Ощущаю на плече тяжесть. Руку. Руку Энди.
– Я наконец ее завершил, – говорит он. – Что скажете?
Вглядываюсь в девушку. Кожа у нее – оттенка поля, платье выбелено, как кости на солнце, волосы – жесткая трава. Она кажется и вечно юной, и старой, как сама земля, набросок из детской книги про эволюцию: морское создание отращивает конечности и выбирается на берег.

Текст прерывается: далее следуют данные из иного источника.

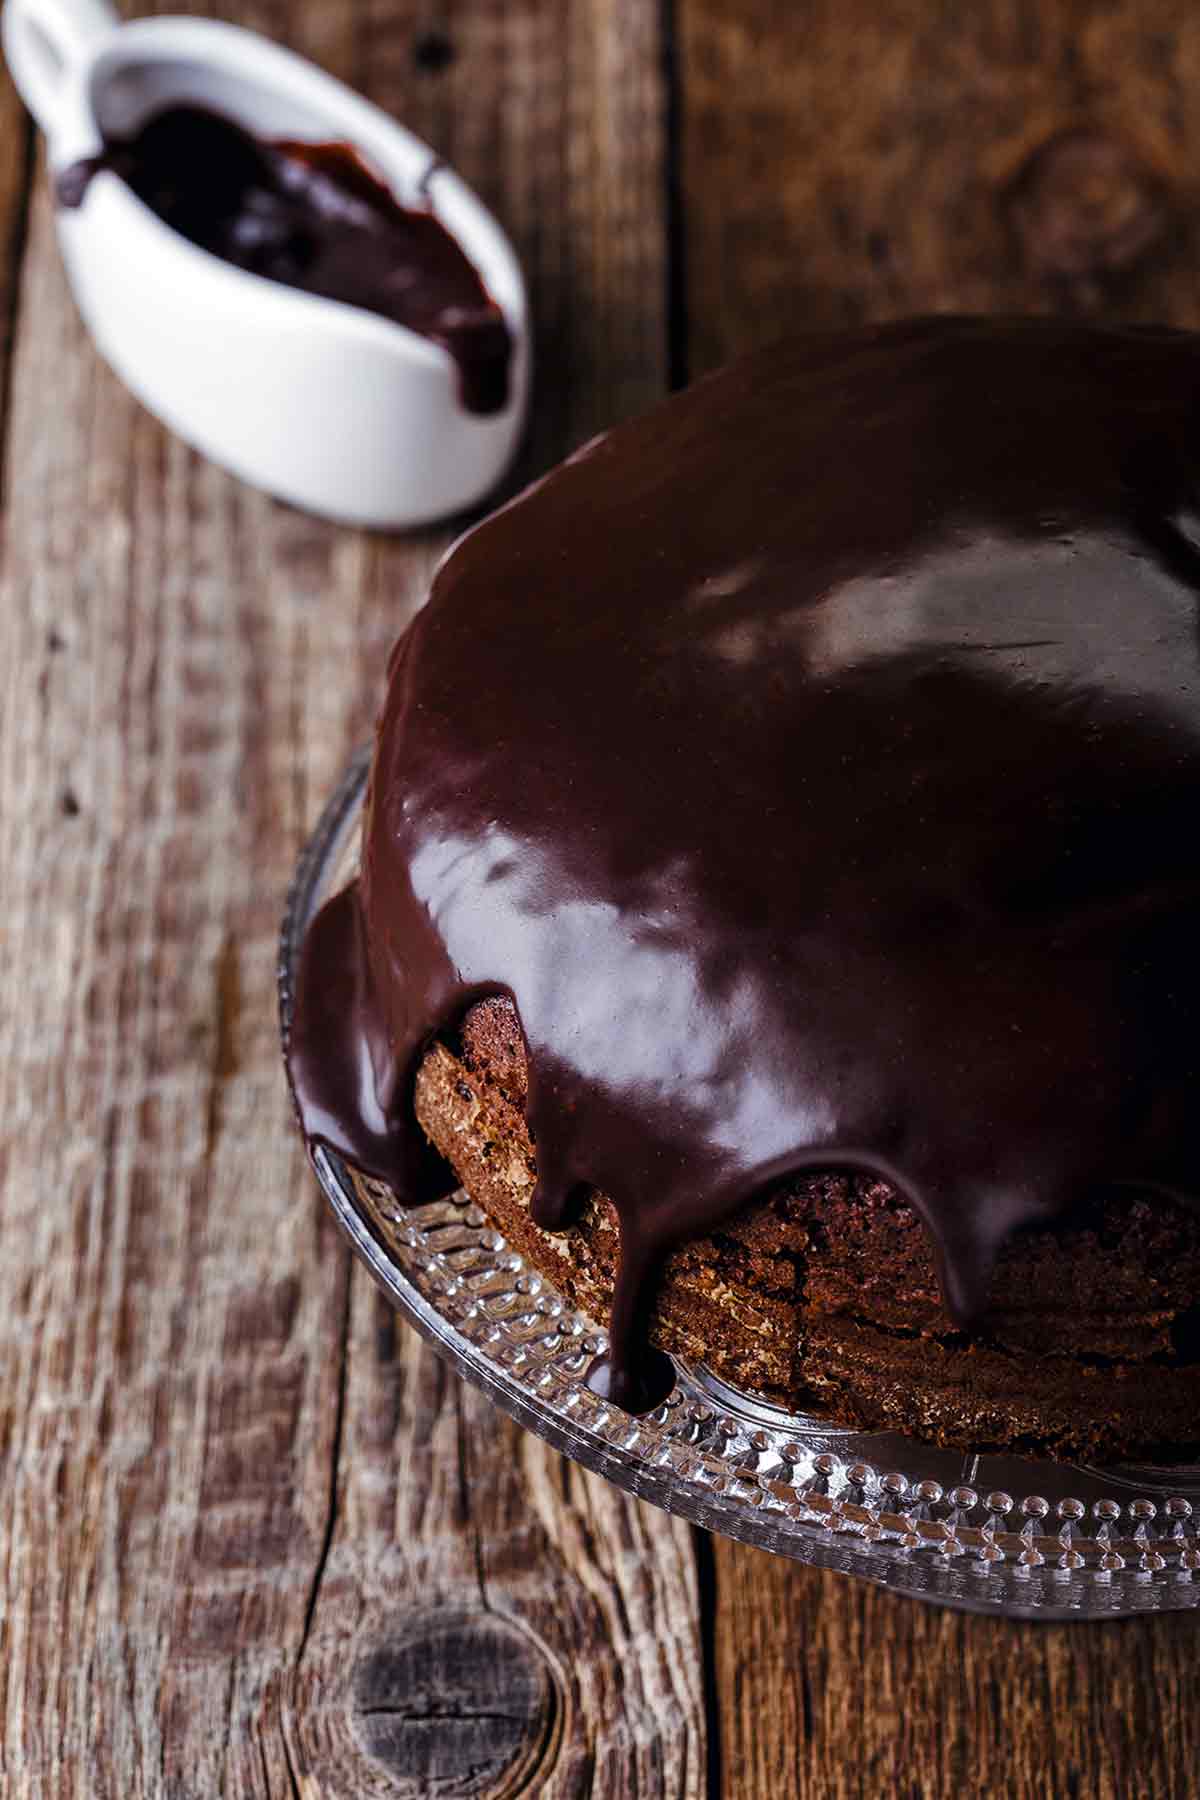 A chocolate mocha cake with chocolate Irish whiskey glaze being poured on top

– Называется “Мир Кристины”, – говорит Энди. – Бетси назвала – как и всегда.
– Мир Кристины? – повторяю я оторопело.
Он смеется.
– Громадная травянистая планета. И вы – точно посередине.
– Это же не совсем… я, впрочем, да? – уточняю я.
– Вы мне сами скажите.
Вновь смотрю на картину. Вопреки очевидным отличиям эта девушка глубоко, мучительно знакома. В ней я вижу себя в двенадцать лет, в редкий день, когда меня освобождали от домашних дел. В двадцать, когда я искала прибежища от разбитого сердца. Всего несколько дней назад, когда навещала могилы родителей на семейном погосте, на полпути между плоскодонкой на сеновале и креслом-каталкой в море. Из закоулков памяти всплывает слово: синекдоха. Часть, означающая целое.
Мир Кристины.
Правда в том, что это место – этот дом, это поле, это небо – возможно, лишь малая часть мира. Но Бетси права: для меня это весь мир.
– Вы однажды сказали мне, что видите себя девчонкой, – говорит Энди.
Медленно киваю.
– Я хотел это запечатлеть, – продолжает он, показывая на картину. – Хотел показать… и желание, и нерешительность.
Протягиваю руку к его пальцам, тяну их к своим губам. Он ошарашен, я вижу это: я никогда прежде так не делала. Я и сама изумлена.
Думаю обо всех мыслимых взглядах других на меня, за все эти годы: меня видели бременем, верной дочерью, подругой, злобной развалиной, калекой…
Мое посланье в Мир большой, что мне депеш не слал.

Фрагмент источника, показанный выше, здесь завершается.